Digital Experience

ProgressBlogs What is Natural Language Processing (NLP)?

What is Natural Language Processing (NLP)?

by Sebastian Witalec

Posted on May 21, 2020 0 Comments

What is Natural Language Processing NLP_1200x620

Natural Language Processing is what allows chatbots to analyse input and respond appropriately. In this article you'll get a general idea of what NLP is and how it works.

Natural Language Processing is the ability of a computer program to understand human language as it is spoken.

In other words, NLP is the mechanism that allows chatbots—like NativeChat—to analyse what users say, extract essential information and respond with appropriate answers.

For example, if the user says: "When does your shop open?", the chatbot should be able to match this question to an opening-hours conversation, and respond with: "The shop opens from 9 AM to 5 PM".

What You are Going to Learn

The purpose of this article is to give you a general idea of what NLP is and how it works.

The idea is that with a better understanding of the NLP you should be able to train your chatbots to be able to understand their users a lot better.

There are many ways of handling each stage of the NLP processing, however, we will not go into too many details, as the aim of this article is to focus on the bigger picture.

The High-Level Understanding

From a high-level view, Natural Language Processing works in two stages:

NLP Model Training

In this stage, we (as the people that train our chatbots) provide our chatbots with a list of expressions that we would like them to associate with various conversations.

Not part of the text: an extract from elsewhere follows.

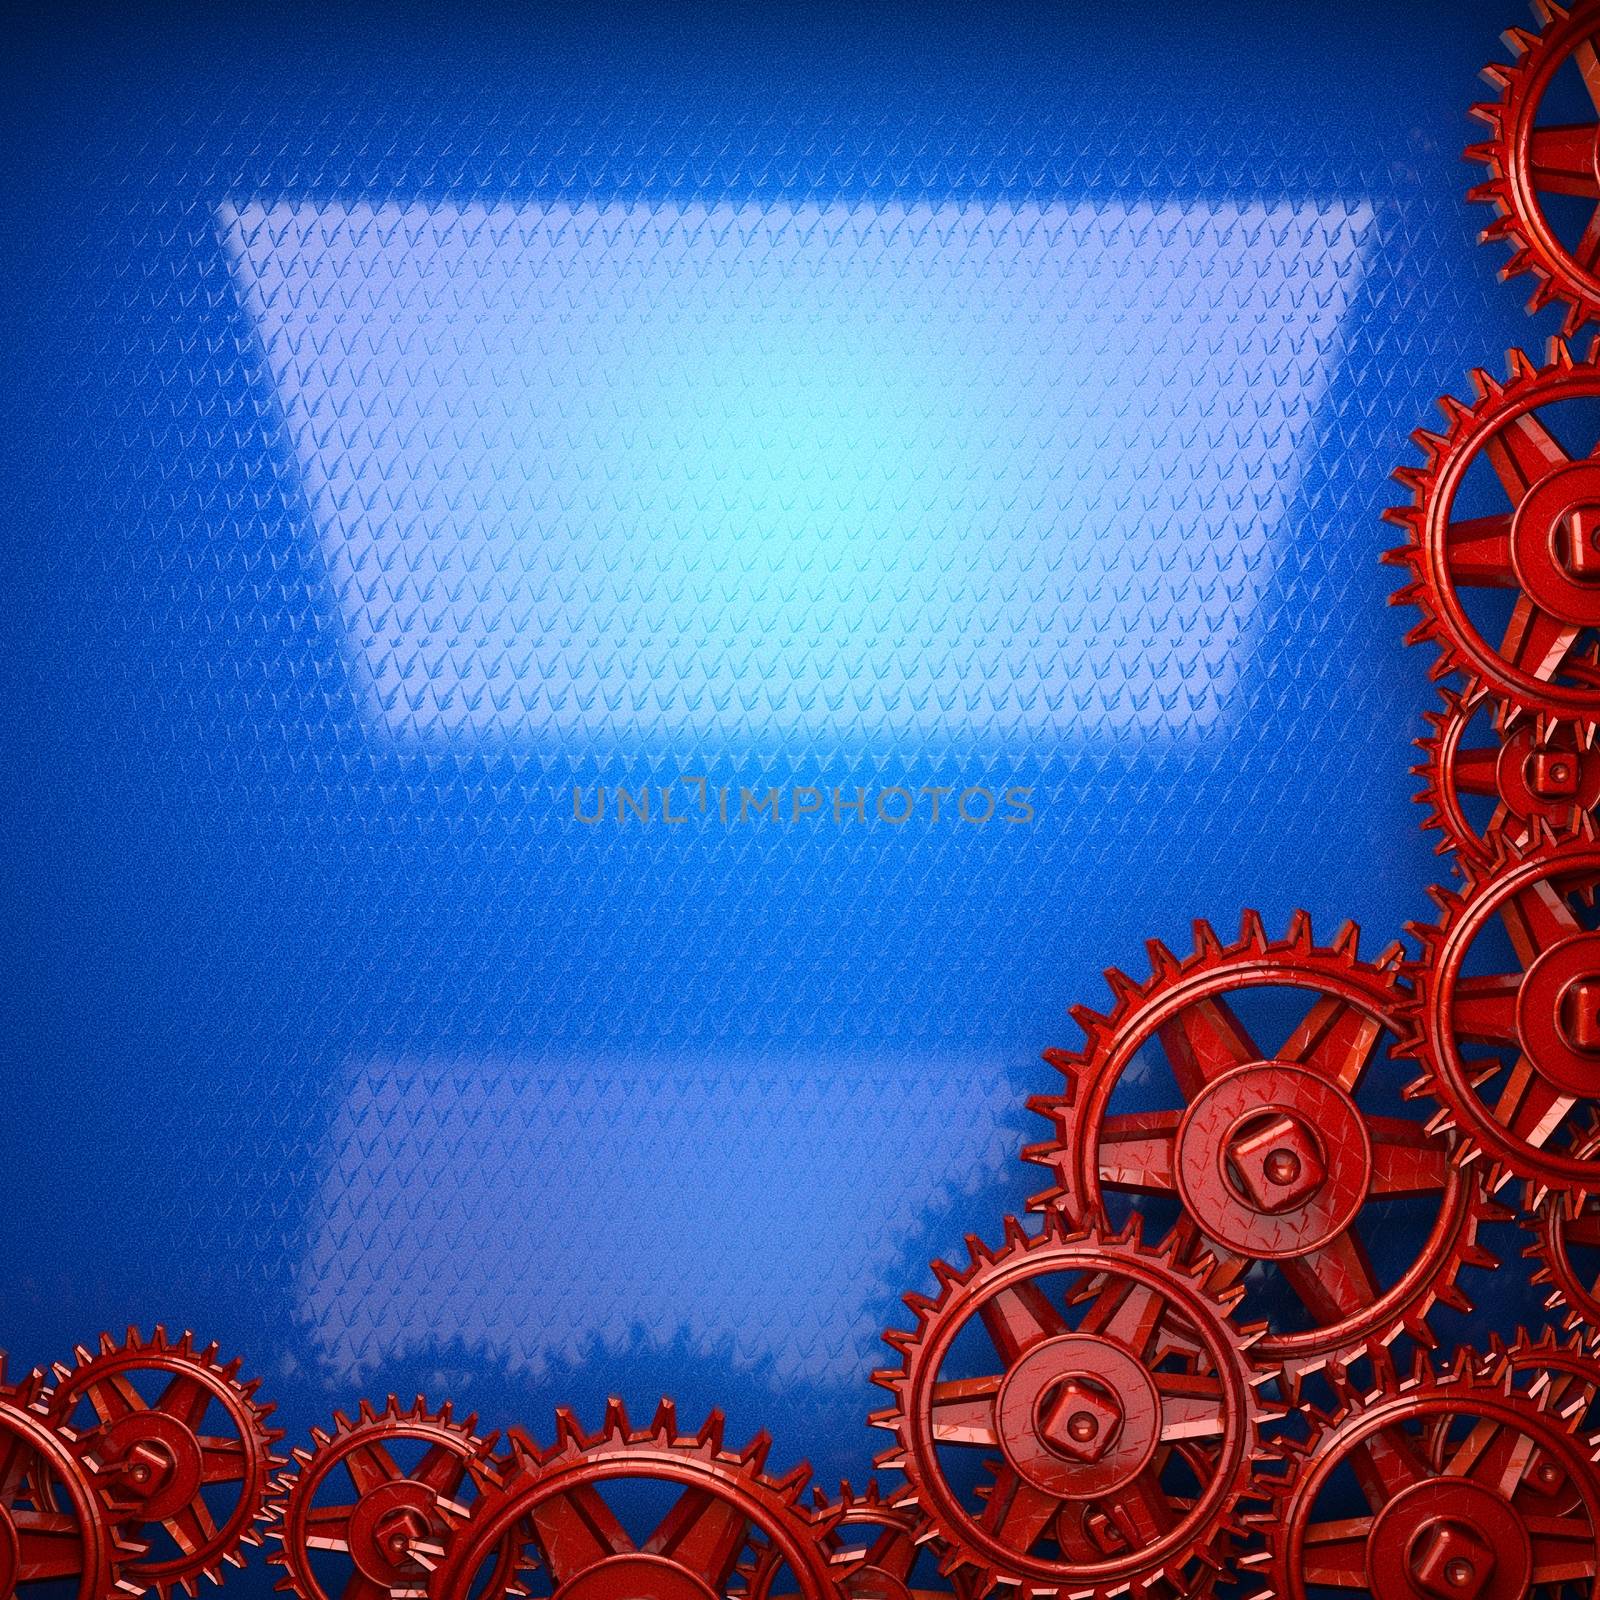 blue metal background with red cogwheel gears by videodoctor

NLP takes all the training expressions and creates a model, which can be used to understand what the users say.

Note, the model training needs to be done up-front before the chatbot starts interacting with the users.

Process User Input and Respond

Each time a user says something, NLP takes the user input and matches to the NLP Model, analyses the results and responds with an answer or follow-up question.

NLP Model Training

Before we let our chatbots interact with the users, we need to train the NLP Model. But what does that even mean?

This is like creating a mental image of all the conversations that a chatbot should be aware of, together with what kind of expressions should trigger each conversation.

It is important to understand that the NLP Model is specific to the scenarios that it is meant to deal with. So, a banking chatbot should be able to understand and respond to Bank related requests (like: "How can I change the limit on my credit card?"), while a shopping chatbot should be able to deal with conversation helping a happy shopper.

Example

For example, we could train our chatbot to deal with two conversations to allow the users to ask for the office Address or Phone number.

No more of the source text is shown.